The governance of data used for biomedical research and clinical trials is an important requirement for generating accurate results. To improve the visibility of data quality and analysis, we developed TrialChain, a blockchain-based platform that can be used to validate data integrity from large, biomedical research studies. We implemented a private blockchain using the MultiChain platform and integrated it with a data science platform deployed within a large research center. An administrative web application was built with Python to manage the platform, which was built with a microservice architecture using Docker. The TrialChain platform was integrated during data acquisition into our existing data science platform. Using NiFi, data were hashed and logged within the local blockchain infrastructure.
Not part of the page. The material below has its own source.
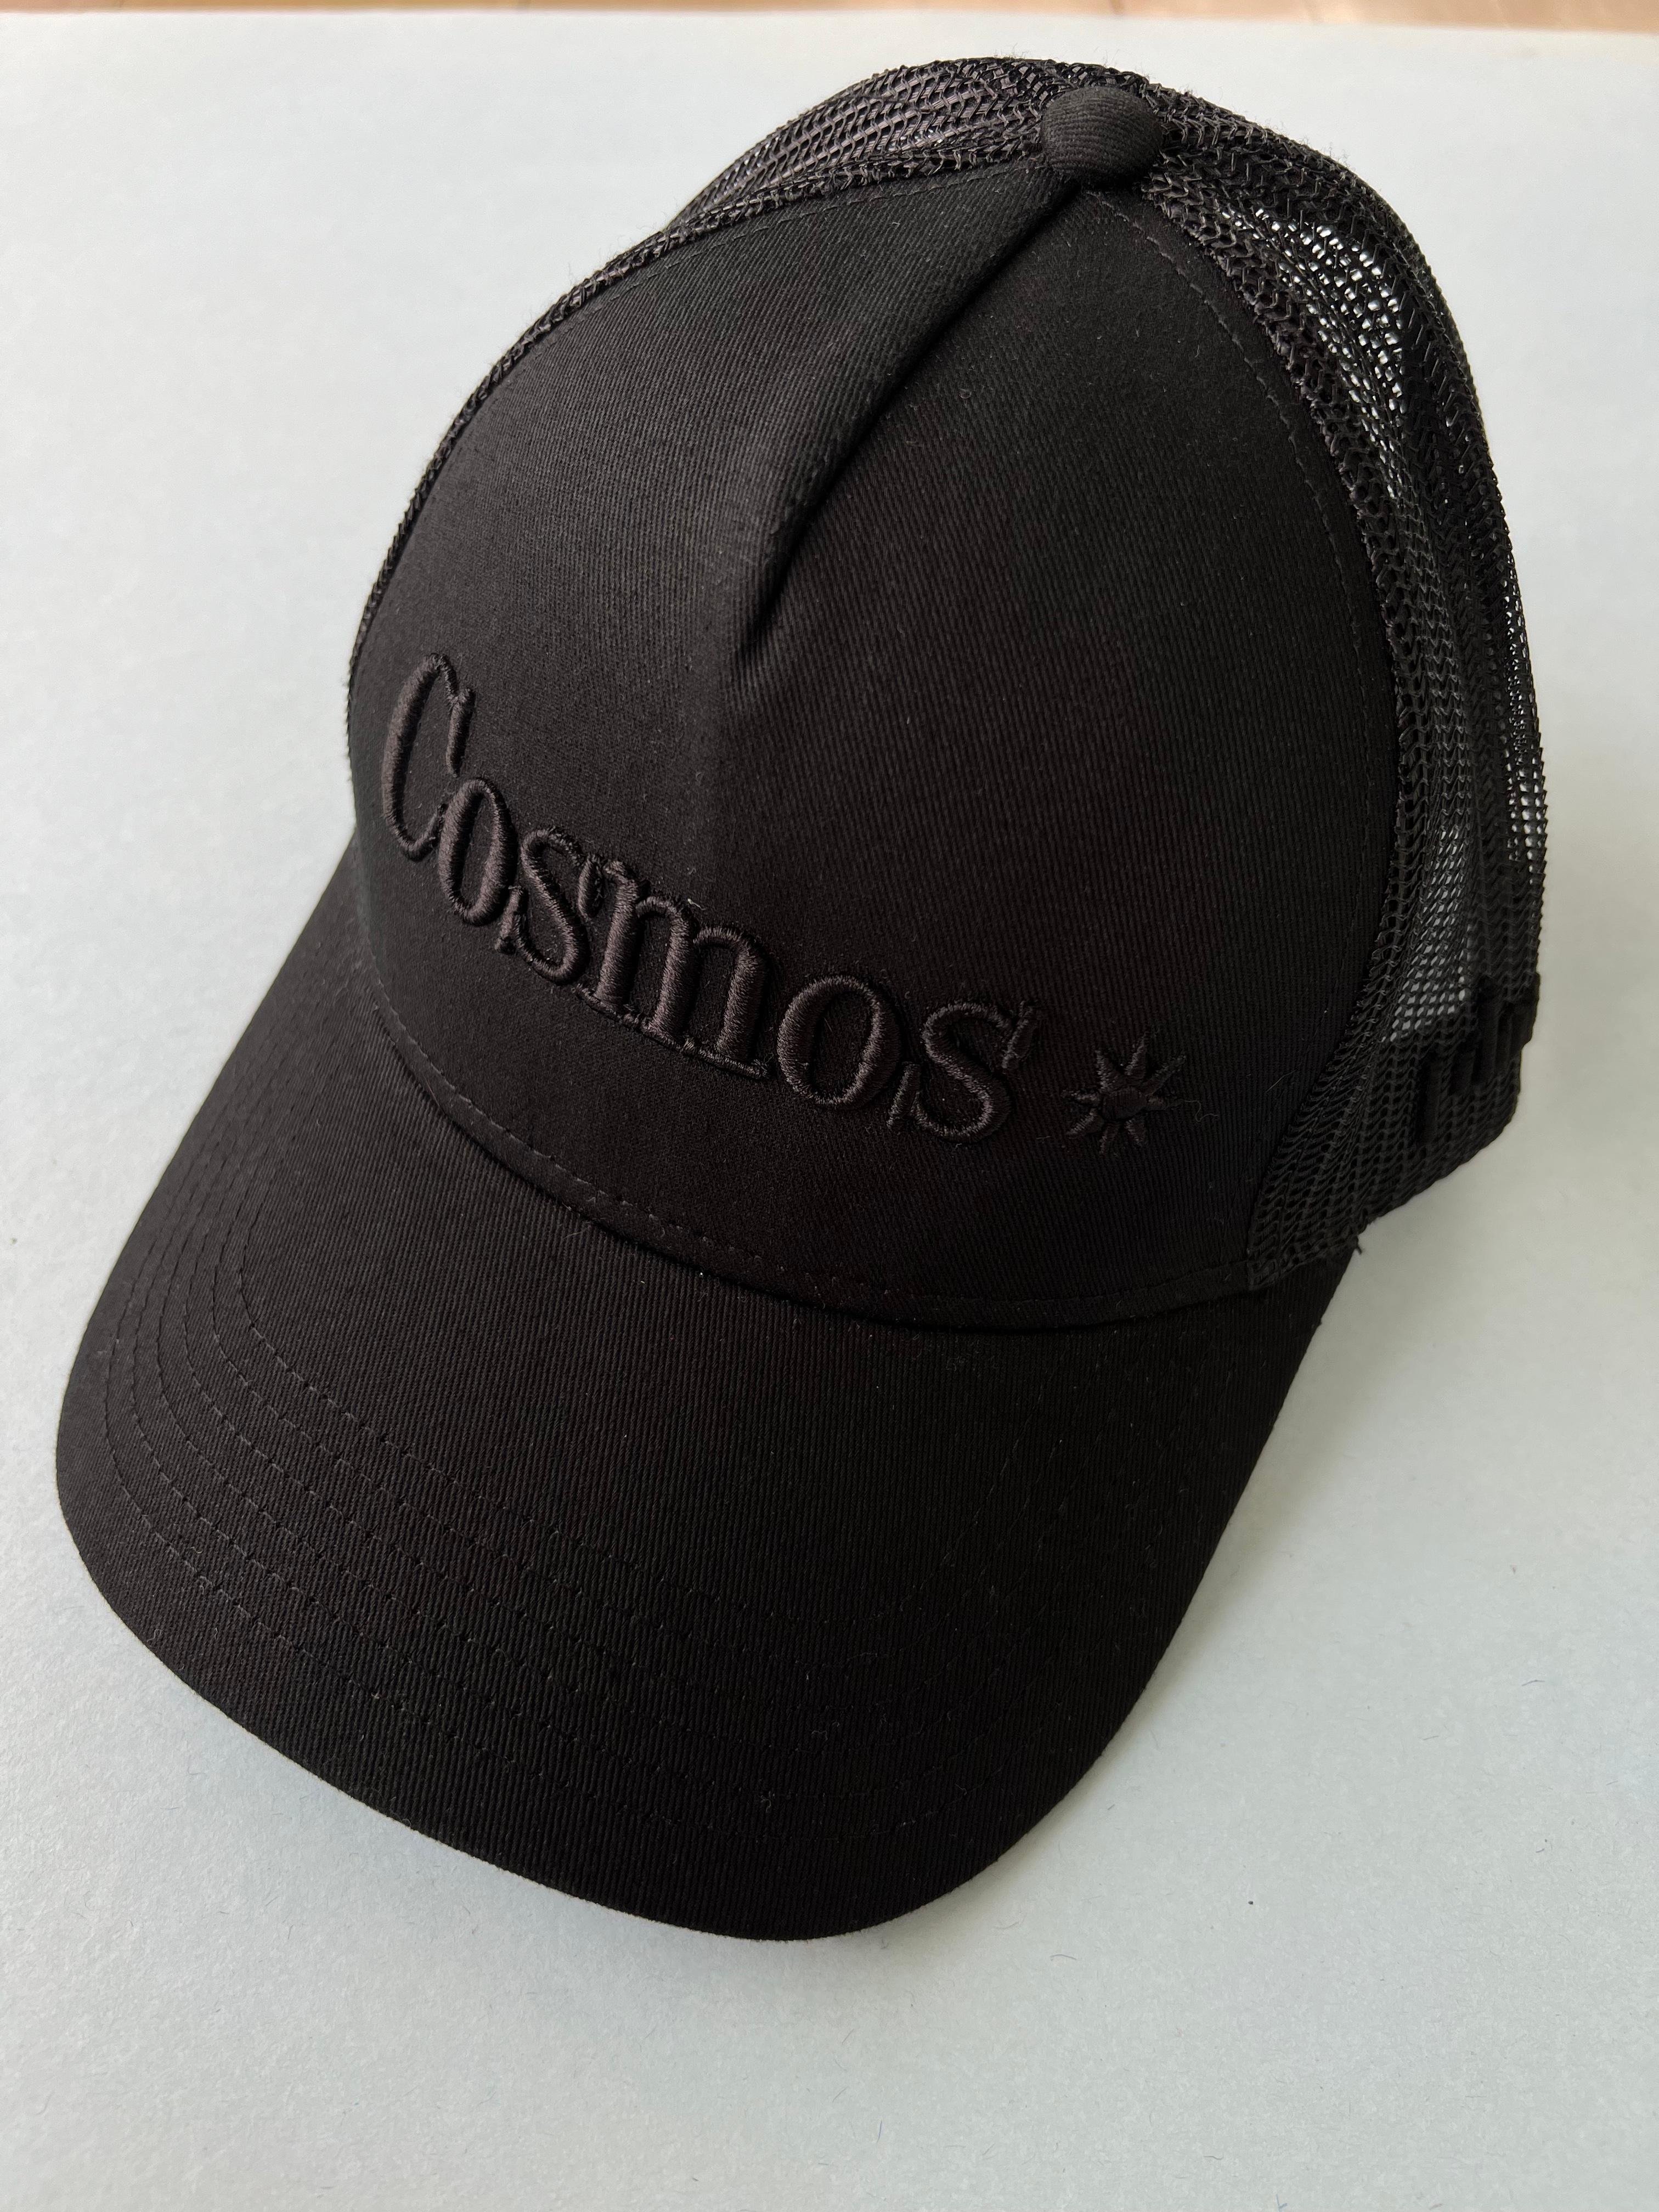 Hat Trucker Black Cosmos Embroidery J Dauphin 9

To provide public validation, the local blockchain state was periodically synchronized to the public Ethereum network. The use of a combined private/public blockchain platform allows for both public validation of results while maintaining additional security and lower cost for blockchain transactions. Original data and modifications due to downstream analysis can be logged within TrialChain and data assets or results can be rapidly validated when needed using API calls to the platform. The TrialChain platform provides a data governance solution to audit the acquisition and analysis of biomedical research data. The platform provides cryptographic assurance of data authenticity and can also be used to document data analysis.